It’s inevitable. At some point you will find yourself at the funeral of a friend or family member. And when that happens, will you know what to say to offer your friend or loved one genuine comfort?
When someone dies, especially if the person had a tough life or suffered through illness, visitors and preachers usually offer comfort to survivors by saying, “Just remember she’s in a better place.”
Few people realize the lack of consolation that offers. First, do not assume the survivors actually believe in the existence of that “better place”. Some religious traditions teach such, and some do not. Some adherents believe it; some do not. Even if the family’s belief system allows for it, at that point they can hardly imagine a “better place” for their loved one than right here by their side. The absence is huge and the pain immense.
Besides, the phrase can make mourners feel like they are being chastised for being sad. Sometimes the chastisement is even explicitly spoken: “You shouldn’t be sad; that’s selfish.” Or “Don’t you realize your loved one is in a better place?

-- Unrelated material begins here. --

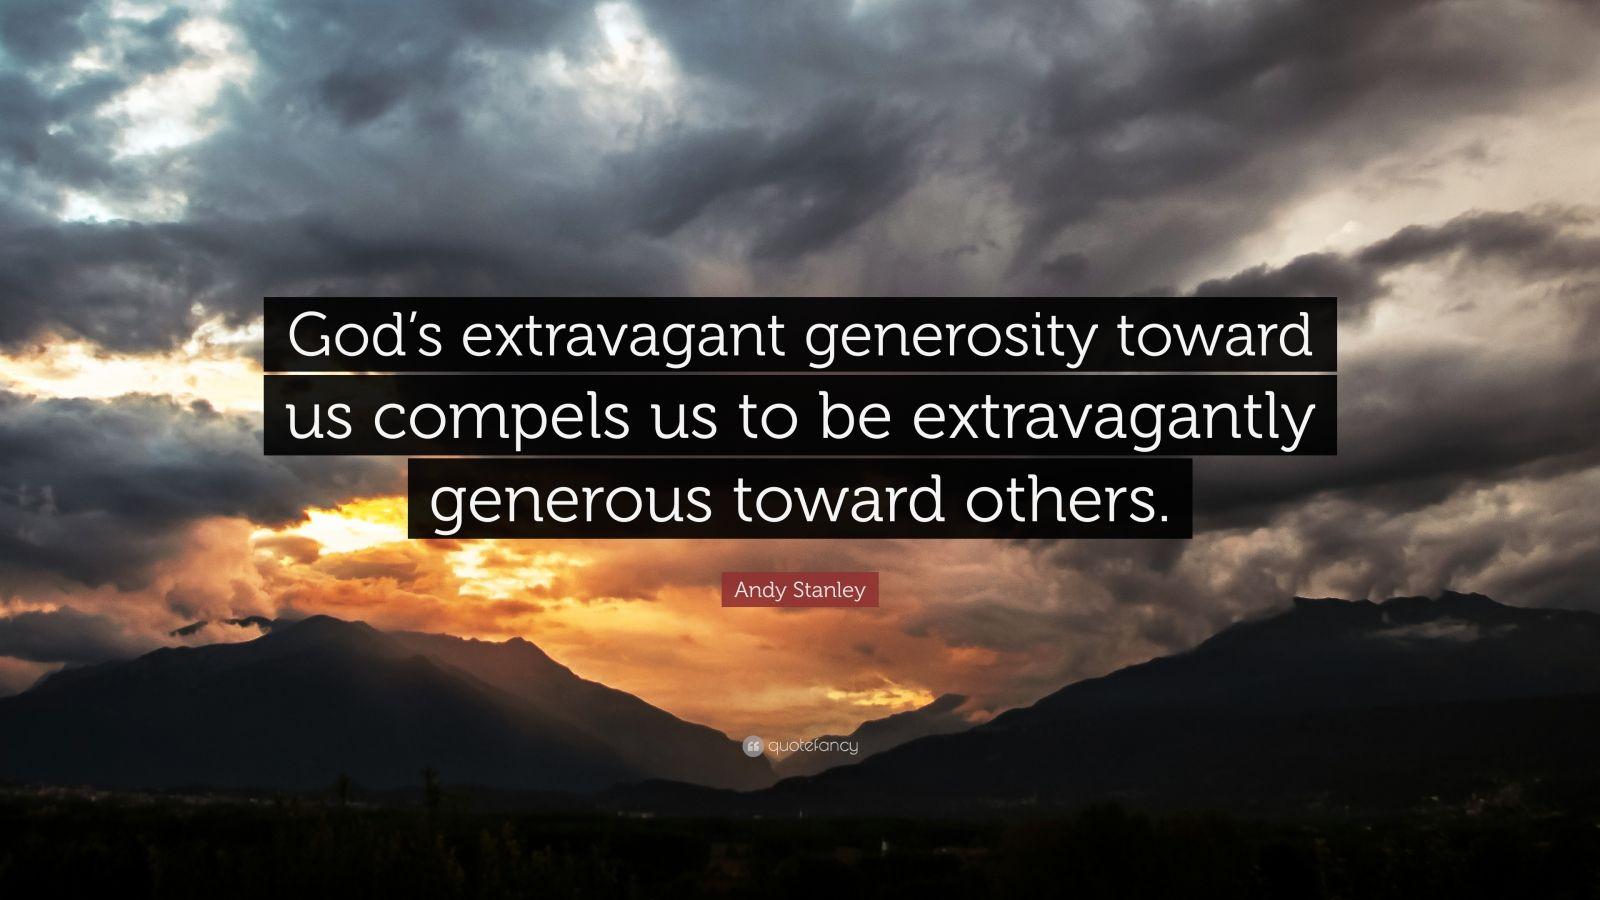 Steve Jobs Motivational Quotes Wallpaper Andy Stanley Quote God S Extravagant Generosity Toward
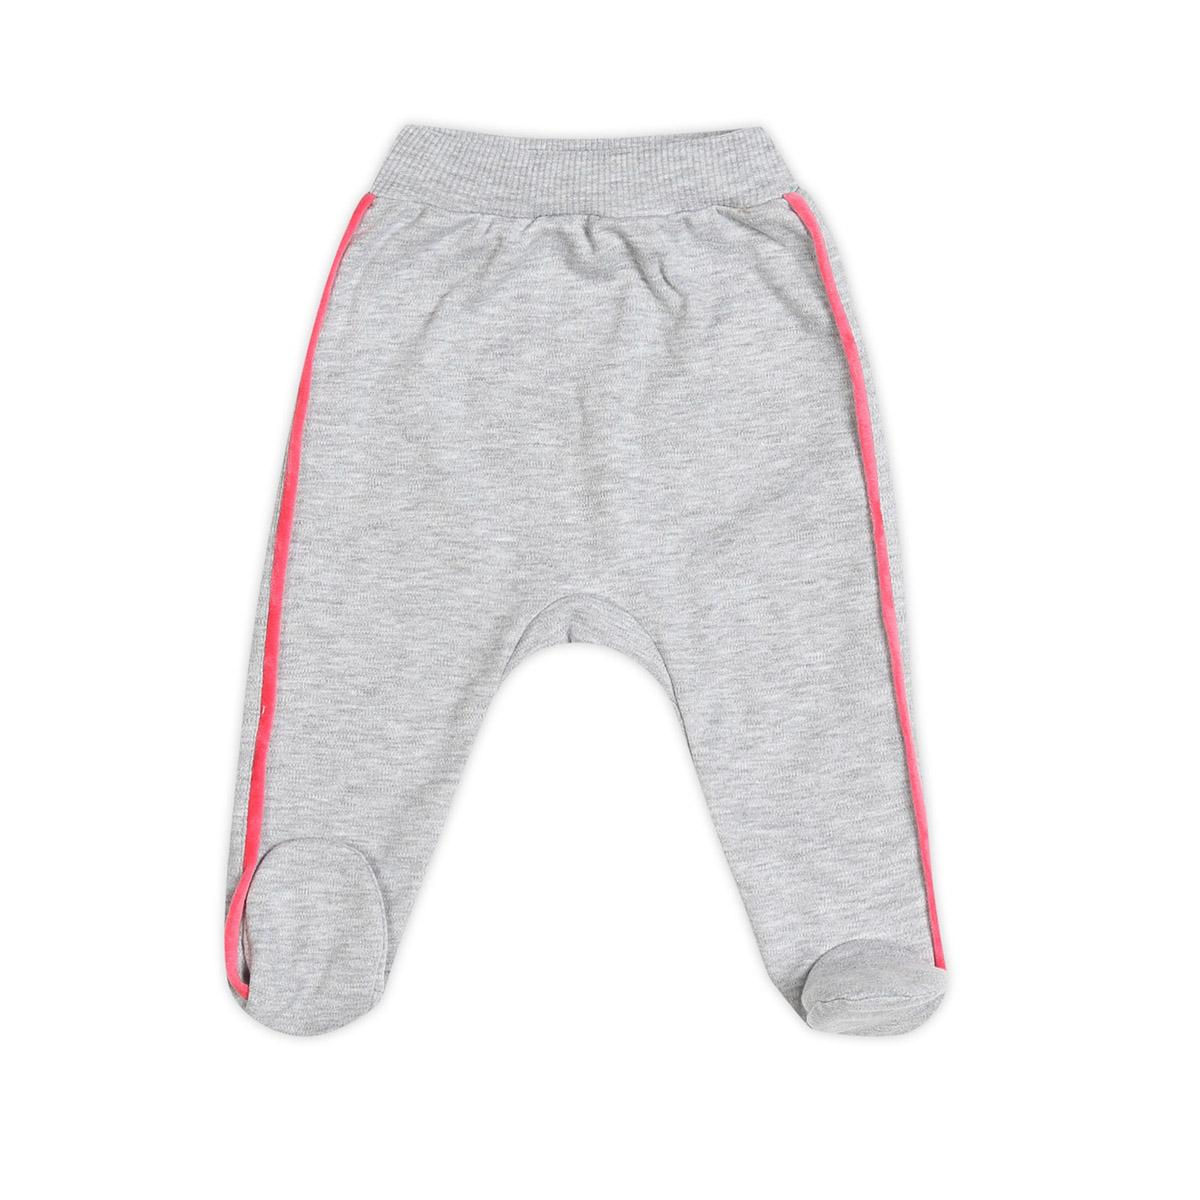 Ползунки с ножками Ёмаё Спорт (26-265) рост 68 серый меланж<br>

You wouldn’t wish them back here in pain, would you?” Or “You’d be better off if you stop crying and think about how happy he is.”
So what do you say?
Here is the truth: Grief from the death of a beloved person is always a mixed experience. There are indeed things for which survivors are grateful – i.e. that she’s not suffering, that he’s in heaven, that no one needs to keep constant vigil, that the person lived long and well, etc. Yet at the very same time, survivors desperately miss that irreplaceable laugh, touch, wisdom, or presence. You offer your clients far more consolation if you recognize both sides.
When you are faced with the death of a friend or family member, say or write things like “It must be a relief that she’s finally at peace, and I know you have precious memories of your time with her. And yet, it’s hard to ignore the pain in your heart and the gaping void caused by her absence in your life. Most grieving people constantly bounce back and forth between gratitude and sadness. That’s entirely normal and expected. I hope you can just let yourself experience whatever it’s like for you at any moment in time, without anyone judging you for it. Be patient with yourself, and healing will come.”
When you acknowledge and validate a grieving person’s experience of intensely mixed emotions, you immediately stand out from those who urge them to suppress the uncomfortable half of the equation. You offer genuine consolation, your friend or family member feels understood, and you become a true source of comfort.